Segment Open
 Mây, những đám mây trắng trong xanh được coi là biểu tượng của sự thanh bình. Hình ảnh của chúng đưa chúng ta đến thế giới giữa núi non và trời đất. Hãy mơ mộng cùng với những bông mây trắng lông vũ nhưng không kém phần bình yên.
Segment Closed
Segment Open
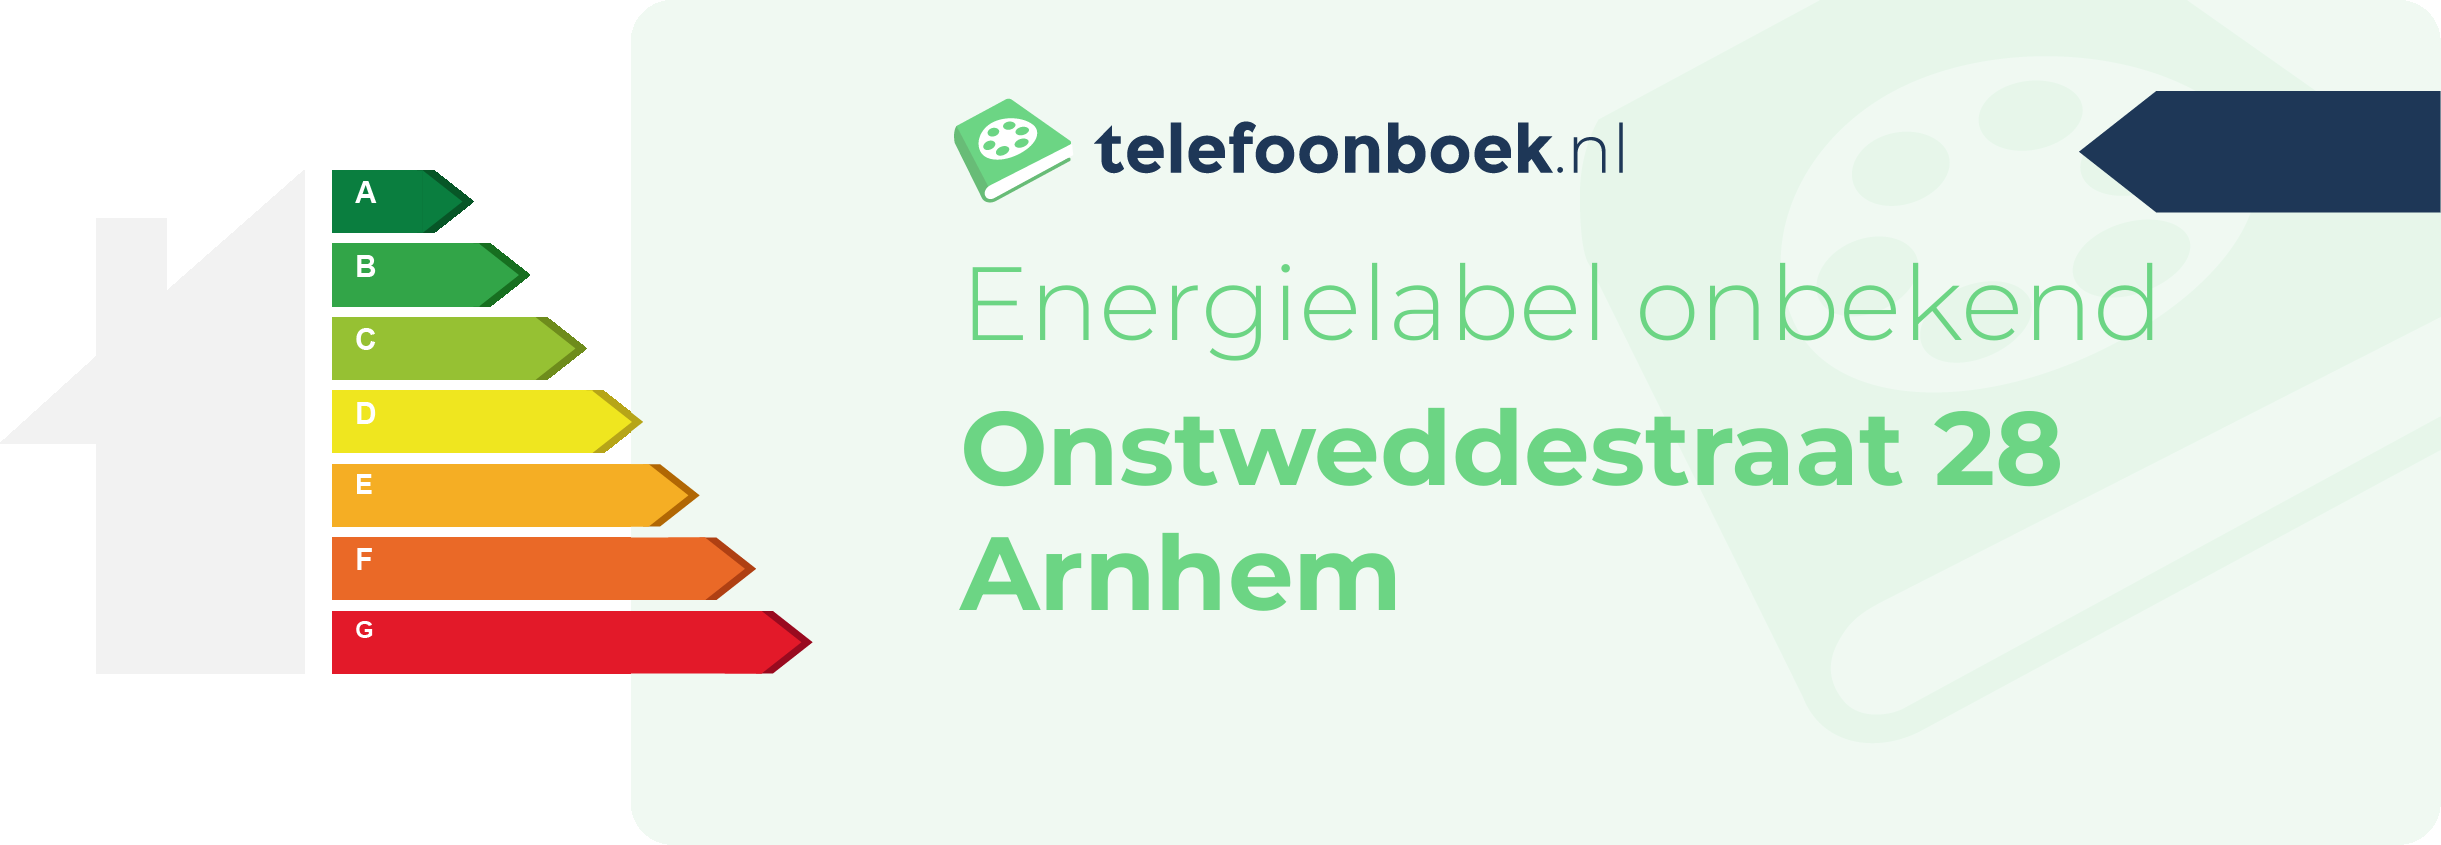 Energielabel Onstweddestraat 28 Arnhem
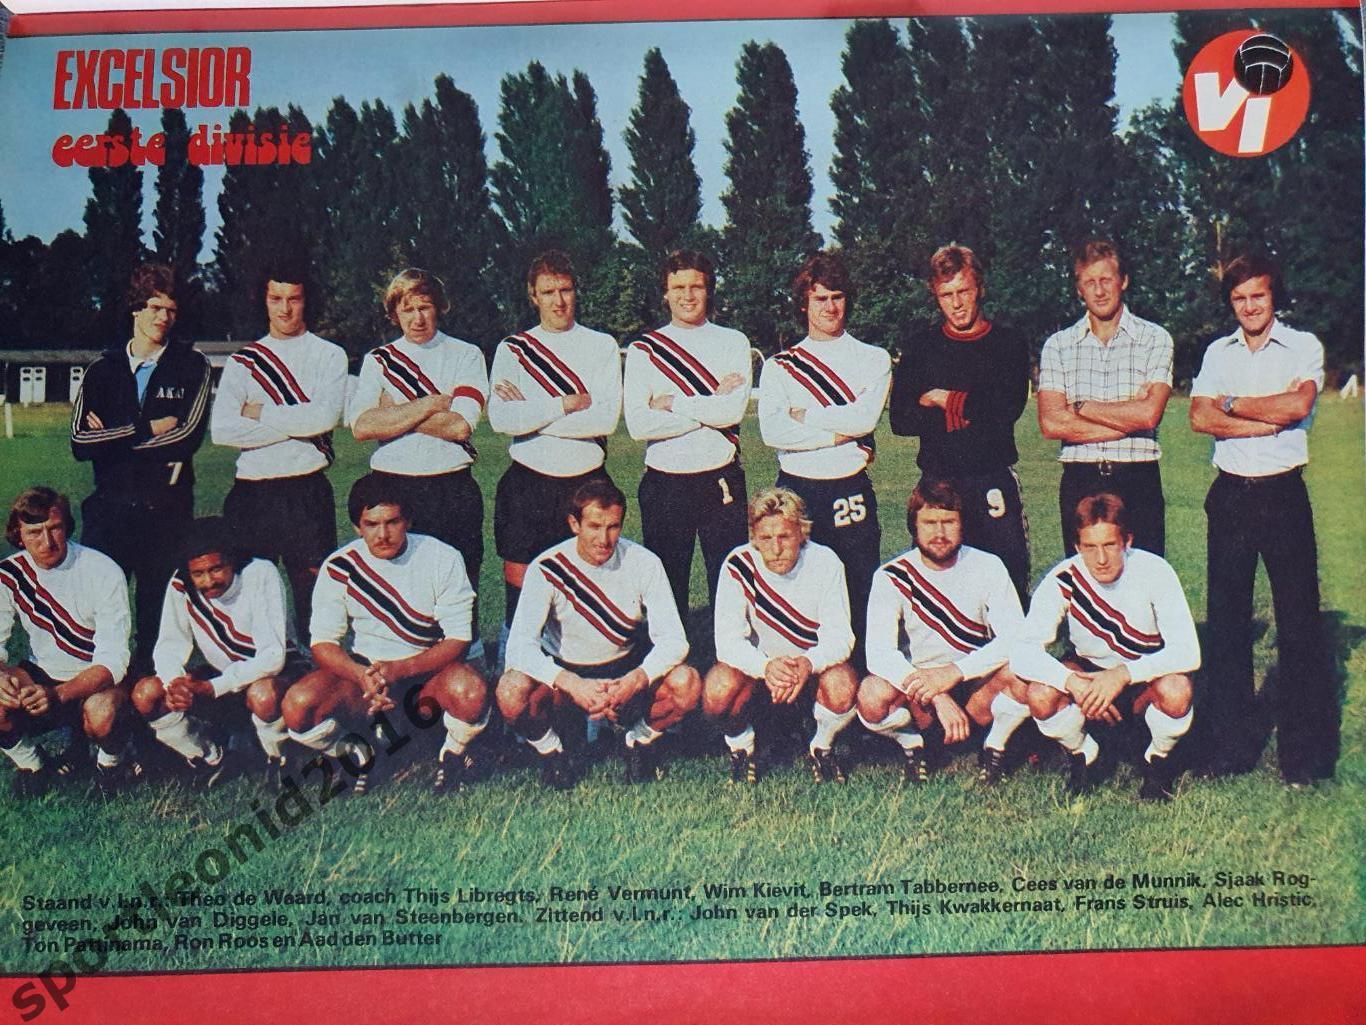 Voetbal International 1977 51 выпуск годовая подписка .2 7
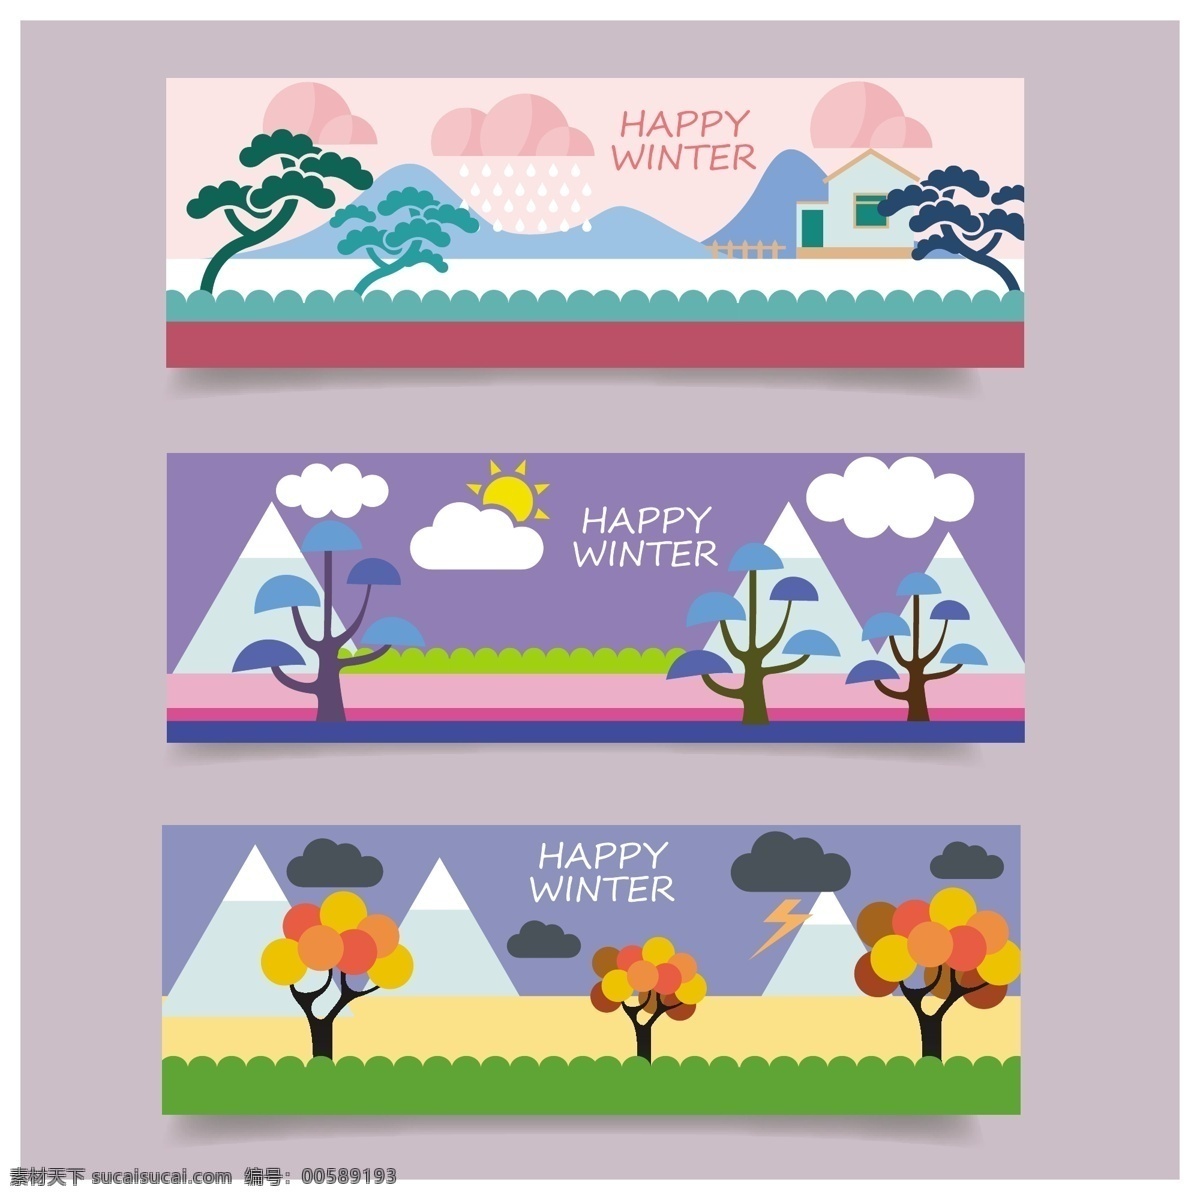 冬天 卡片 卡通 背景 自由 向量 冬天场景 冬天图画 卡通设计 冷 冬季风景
Segment Closed
**Task instructions**:
Look above and copy only the lines from the one holding "Energielabel Onstweddestraat 28 Arnhem" to the one holding "冬天 卡片 卡通 背景 自由 向量 冬天场景 冬天图画 卡通设计 冷 冬季风景", both included, exactly, minus the pictures.

**Written response**:
 Energielabel Onstweddestraat 28 Arnhem
 Voetbal International 1977 51 выпуск годовая подписка .2 7
 冬天 卡片 卡通 背景 自由 向量 冬天场景 冬天图画 卡通设计 冷 冬季风景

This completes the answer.